Megerso Abebe, Garoma Sileshi, Eticha Tolosa, Workineh Tilaye, Daba Shallo, Tarekegn Mihretu, Habtamu Zelalem
Department of Public Health, Adama Hospital Medical College, Addis Ababa, Ethiopia.
Department of Pediatrics and Child Health, Adama Hospital Medical College, Addis Ababa, Ethiopia.
HIV AIDS (Auckl). 2016 Apr 26;8:83-92. doi: 10.2147/HIV.S98137. eCollection 2016.
PURPOSE: It is known that antiretroviral treatment (ART) reduces mortality from acquired immunodeficiency syndrome related causes. Patient's lost to follow-up (LTFU) in this treatment poses a paramount problem to the public and health care services. Information on predictors of loss to follow-up is scarce in this study area and similar settings. Therefore, this study aimed at identifying correlates of loss to follow-up in ART among adult patients in the Oromia region of Ethiopia. METHODS: A case-control study was conducted between February 2015 and April 2015 using medical records. The stratified sampling technique was used to select health facilities. The number of patient records to be included in the study was proportionally allocated to each stratum based on their patient proportion in the regional data. Specific health facilities from which to include the records were randomly selected from a list of the health facilities per stratum. All adult patient records registered as LTFU (416) in the selected health facilities during the 12-month period prior to the data collection date, and 832 patients with good adherence to ART were included. Data were double-entered into Epi Info 7 and analyzed using SPSS 20. Descriptive statistics and binary logistic regression were used to report the results. Qualitative data were thematically analyzed using open code computer software.
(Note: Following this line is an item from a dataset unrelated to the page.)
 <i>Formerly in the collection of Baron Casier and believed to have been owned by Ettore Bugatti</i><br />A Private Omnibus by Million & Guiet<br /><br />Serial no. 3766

RESULTS: Age 15-24 years (adjusted odds ratio [AOR], 19.82 95% CI: 6.80, 57.73); day laborers (AOR, 5.36; 95% confidence interval [CI]: 3.23, 8.89), rural residents (AOR, 2.35; 95% CI: 1.45, 3.89), World Health Organization clinical stage IV (AOR, 2.29; 95% CI: 1.45, 3.62), baseline CD4 <350 cells/mL (AOR, 2.06; 95% CI: 1.36, 3.13), suboptimal adherence to ART (AOR, 7.42; 95% CI: 1.87, 29.41), were factors which increased the risk of loss to follow-up in ART. CONCLUSION: Multiple risk factors, both socioeconomic and clinical, were associated with loss to follow-up. Attention is required to address these factors during patient preparation for the treatment and follow-up counseling by practitioners. We recommend that other studies identify what happened to the patients registered as LTFU as the current study could not address this issue.
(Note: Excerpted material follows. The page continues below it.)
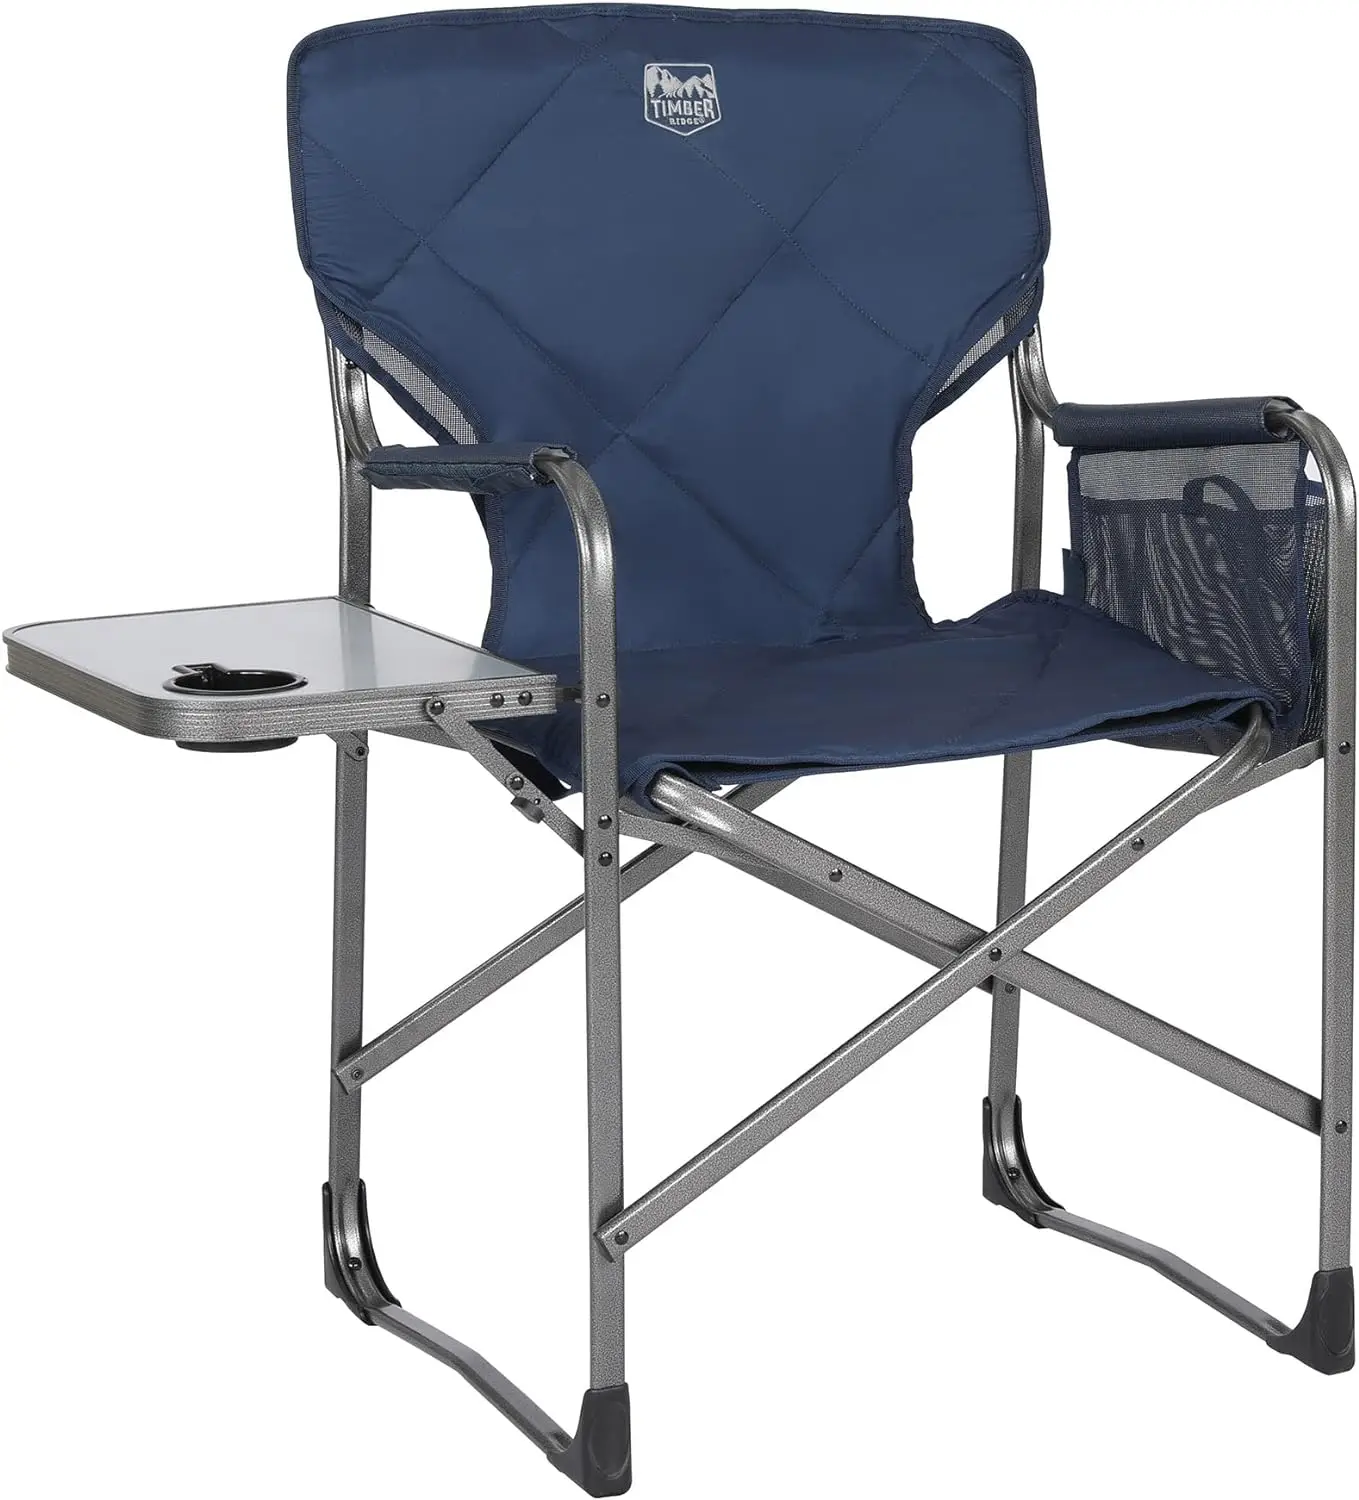 Nd cold outdoor folding chairs with cup holder and storage pouch ideal for camping lawn thumb200

目的:众所周知,抗逆转录病毒治疗(ART)可降低获得性免疫缺陷综合征相关病因导致的死亡率。接受该治疗的患者失访对公众和医疗服务构成了一个至关重要的问题。在本研究领域及类似环境中,关于失访预测因素的信息匮乏。因此,本研究旨在确定埃塞俄比亚奥罗米亚地区成年患者接受抗逆转录病毒治疗时失访的相关因素。 方法:2015年2月至2015年4月间利用病历进行了一项病例对照研究。采用分层抽样技术选择卫生机构。根据各层在区域数据中的患者比例,按比例将纳入研究的患者记录数量分配到每个层。从每层卫生机构列表中随机选择要纳入记录的特定卫生机构。在数据收集日期前12个月期间,所选卫生机构中登记为失访的所有成年患者记录(416份)以及832名抗逆转录病毒治疗依从性良好的患者被纳入研究。数据双录入Epi Info 7并使用SPSS 20进行分析。采用描述性统计和二元逻辑回归报告结果。定性数据使用开放编码计算机软件进行主题分析。 结果:年龄15 - 24岁(调整优势比[AOR],19.82;95%置信区间[CI]:6.80,57.73);日工(AOR,5.36;95%置信区间[CI]:3.23,8.89),农村居民(AOR,2.35;95% CI:1.45,3.89),世界卫生组织临床分期IV期(AOR,2.29;95% CI:1.45,3.62),基线CD4<350个细胞/毫升(AOR,2.06;95% CI:1.36,3.13),抗逆转录病毒治疗依从性欠佳(AOR,7.42;95% CI:1.87,29.41),是增加抗逆转录病毒治疗失访风险的因素。 结论:社会经济和临床方面的多种风险因素与失访相关。从业者在患者治疗准备和随访咨询过程中需要关注这些因素。我们建议其他研究确定登记为失访的患者情况,因为本研究未能解决这一问题。